62    However, even accepting the appellant’s argument, the appellant accepted that the ETA did not prescribe any form or particular requirements for the giving of such consent. That being so, I accept the Minister’s argument that the material was more than sufficient to raise a prima facie case that consent was given. In those circumstances, the onus lay clearly upon the appellant to demonstrate that in fact there was no consent. The appellant ran no such case below. That being so, it cannot in my view be doubted that the Minister would be prejudiced if leave were granted in that he may well have run his case differently below if the appellant had put in issue the question of whether consent had been given by Mr Sarkis to the receipt of communications in relation to the application for review by email.

63    For these reasons, I refused leave to amend to include proposed ground 5. As the High Court held Suttor v Gundowda Proprietary Limited (1950) 81 CLR 418 at 438:

The circumstances in which an appellate court will entertain a point not raised in the court below are well established.
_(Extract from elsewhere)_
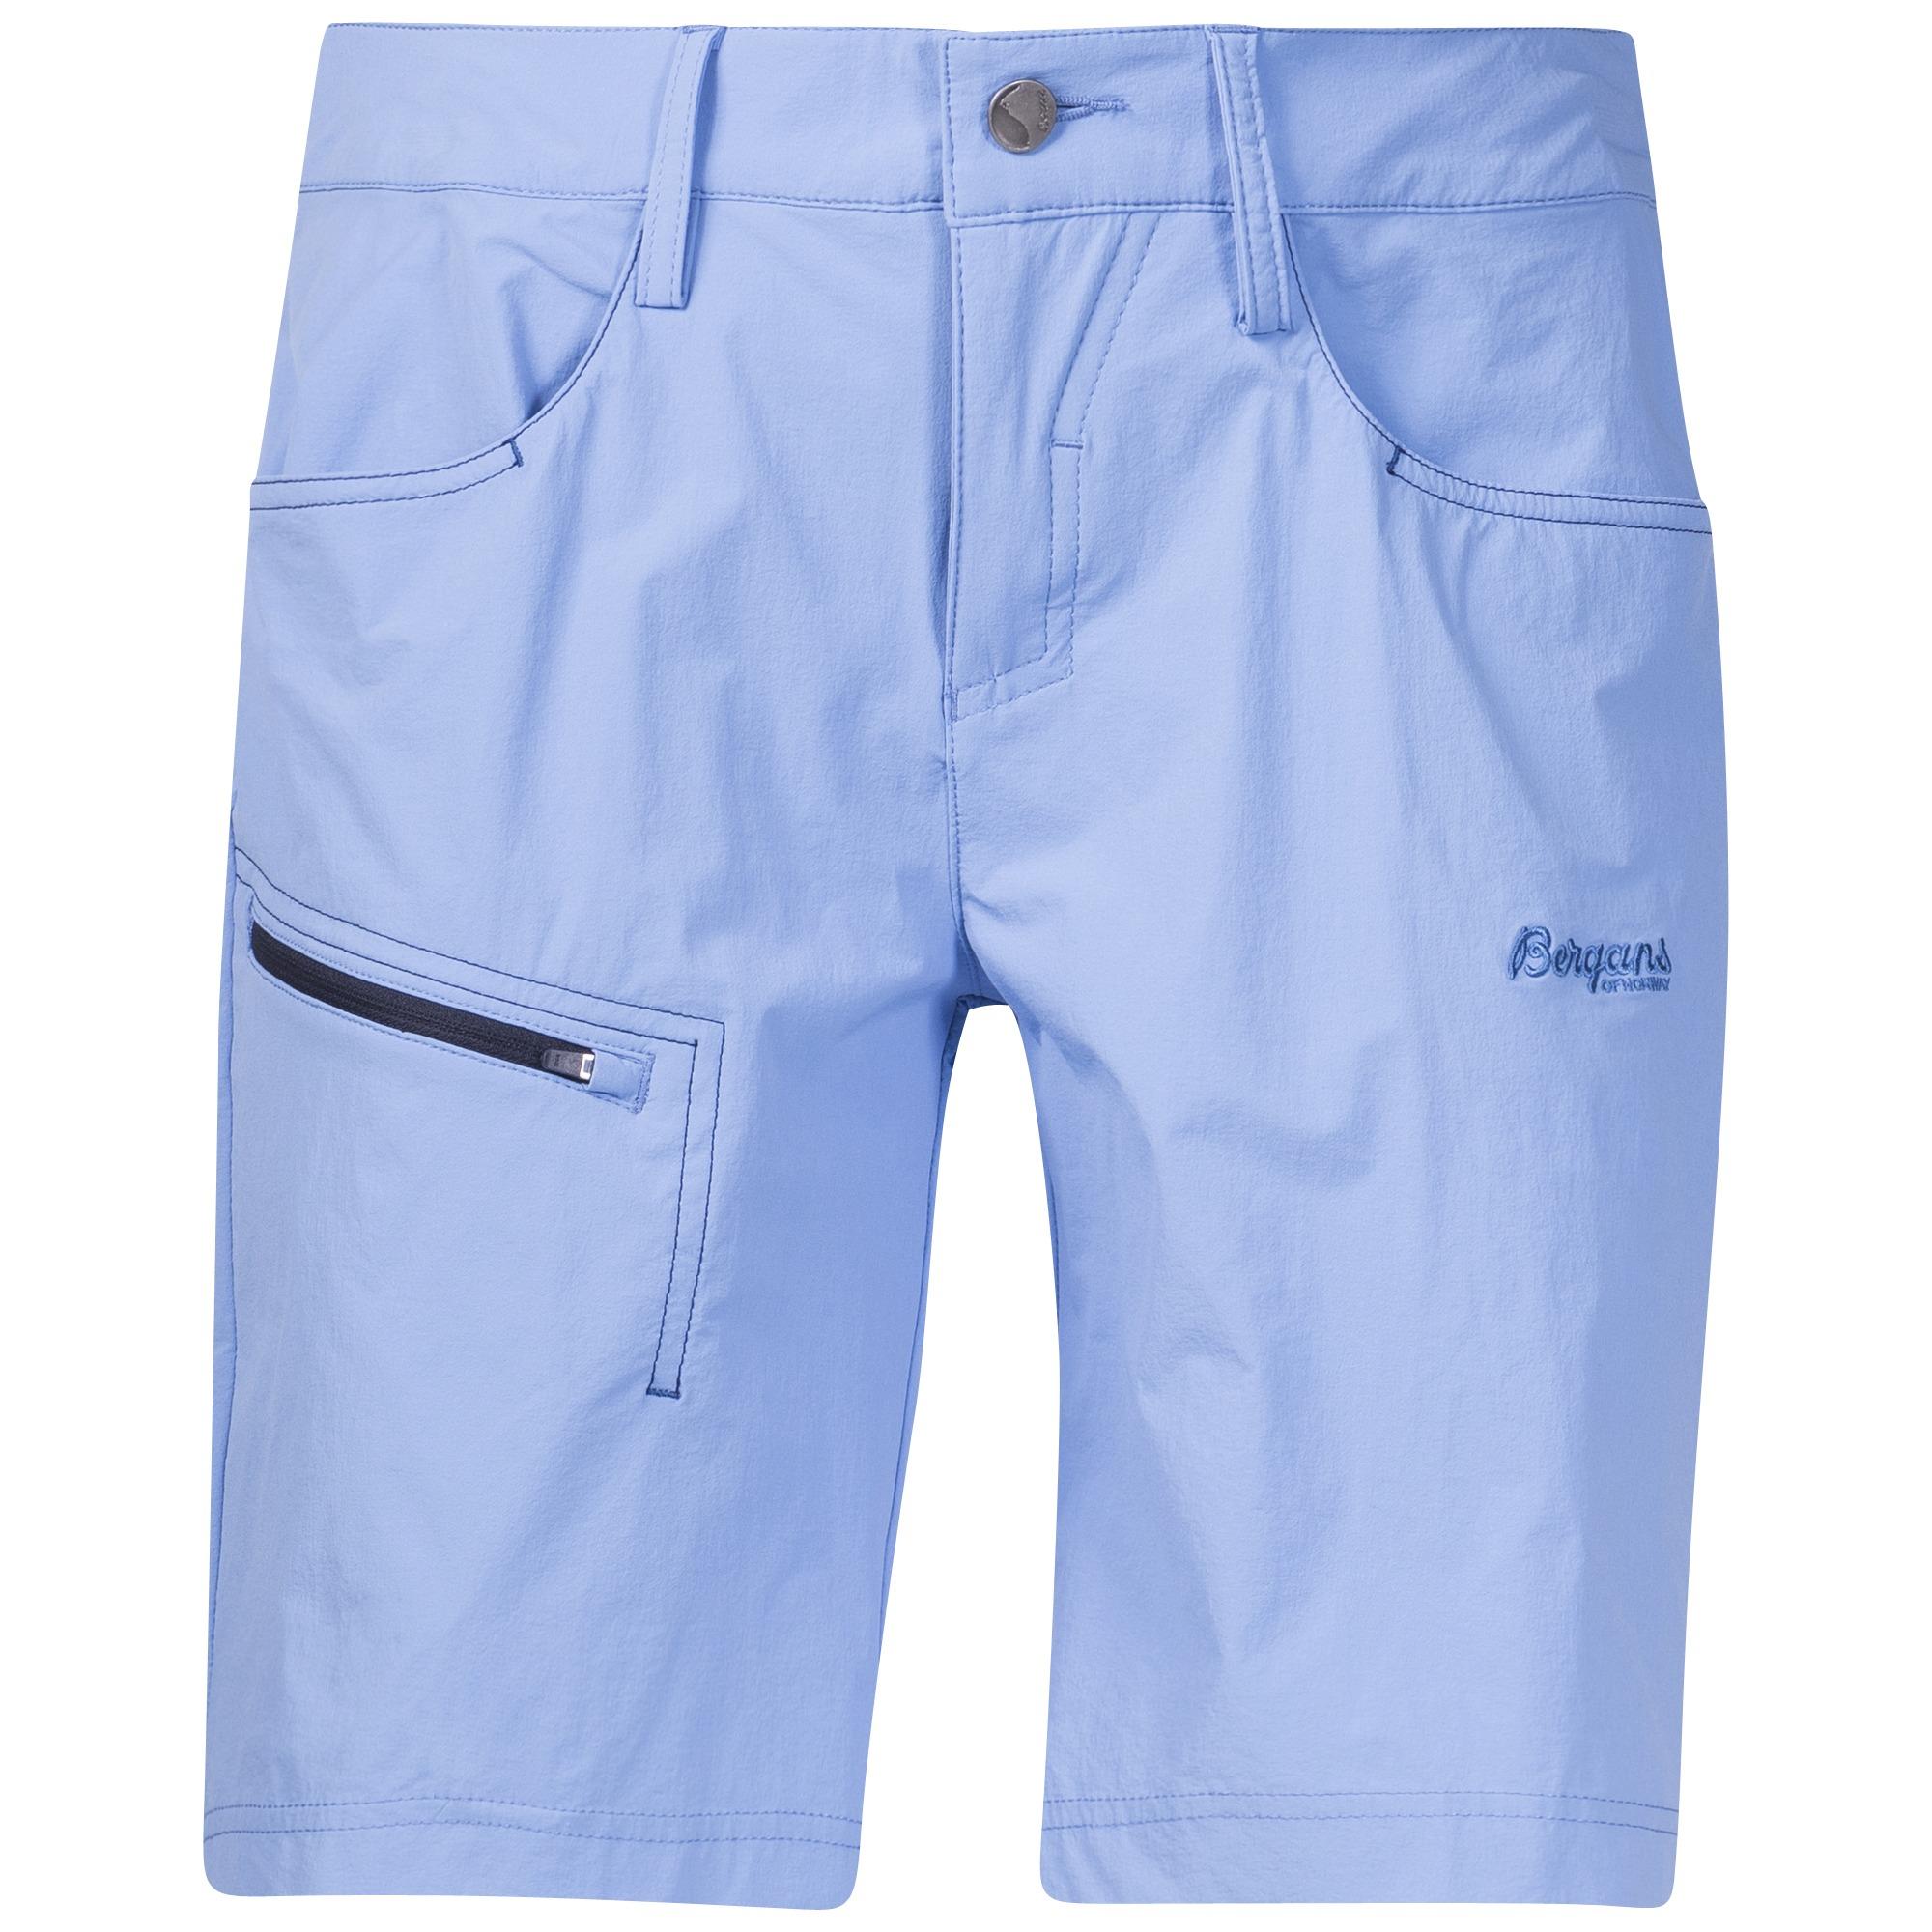 Bergans of Norway Pantaloni scurti Bergans Moa Lady - Bleu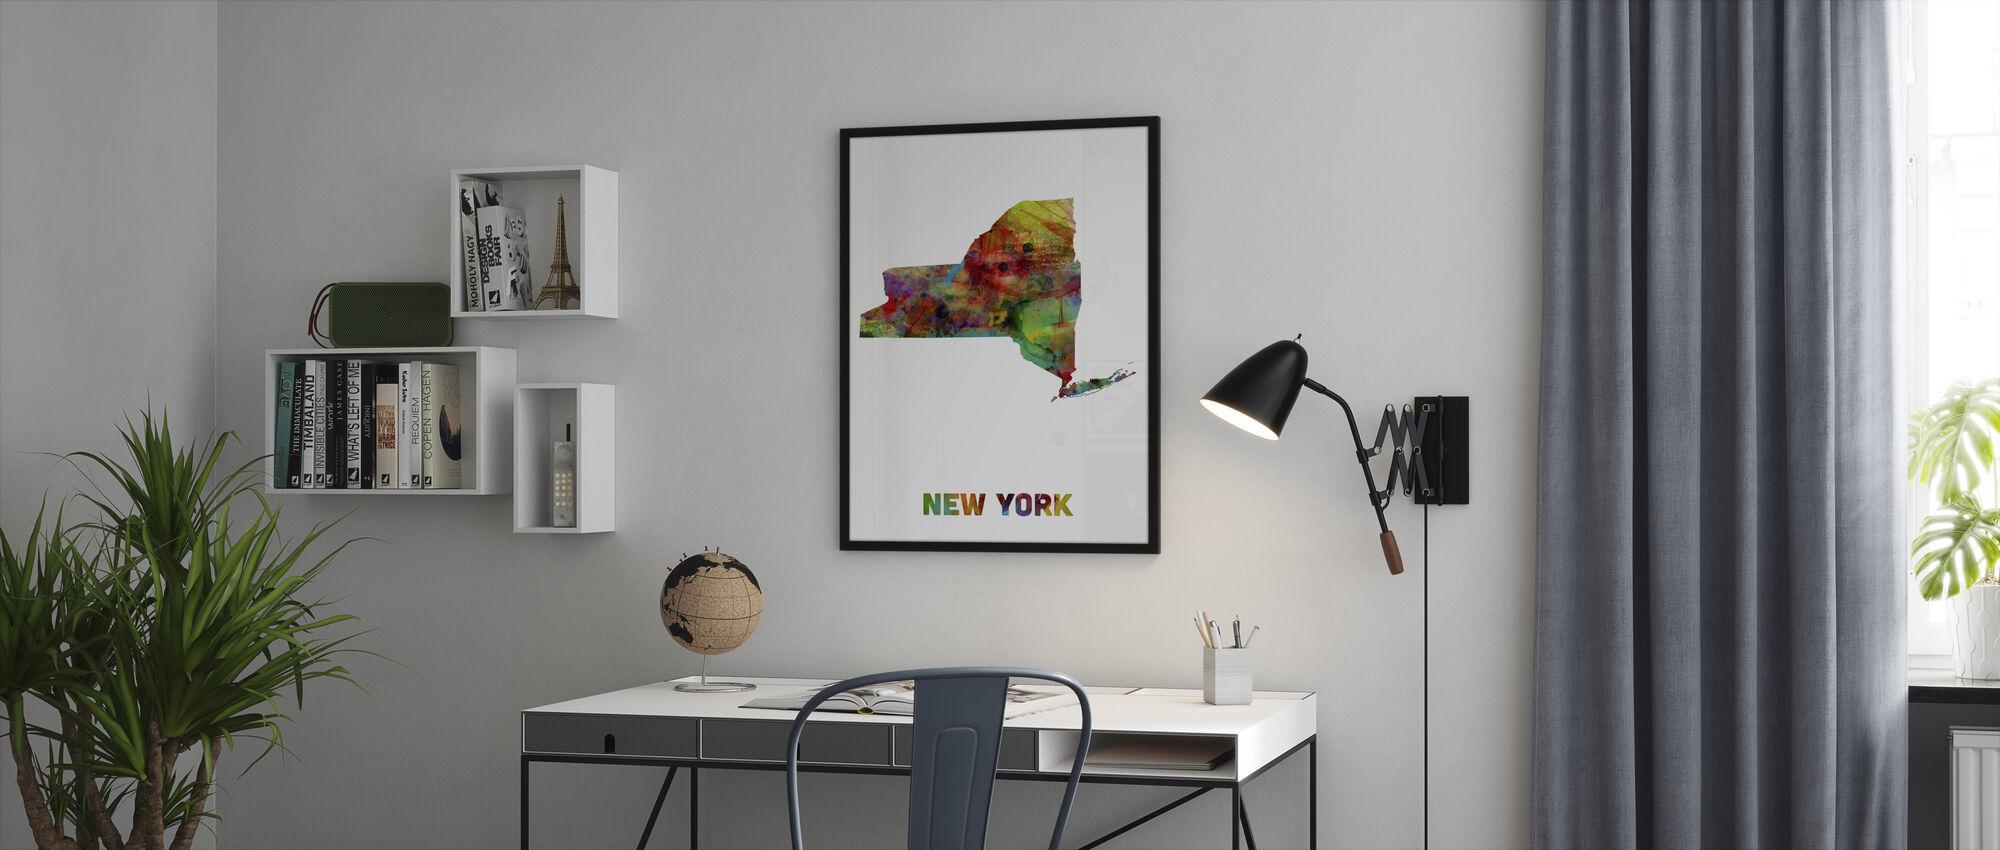 New York State Map - Framed print - Office

Where a point is not taken in the court below and evidence could have been given there which by any possibility could have prevented the point from succeeding, it cannot be taken afterwards.

5.    CONCLUSION

64    For the reasons set out above, the appeal must be dismissed with costs. The Minister having filed an affidavit as to the quantum of costs sought to be recovered in the event that the appeal is dismissed, I will afford the parties an opportunity to be heard as to the appropriate terms of the costs order in the Minister’s favour.

I certify that the preceding sixty-four (64) numbered paragraphs are a true copy of the Reasons for Judgment herein of the Honourable Justice Perry.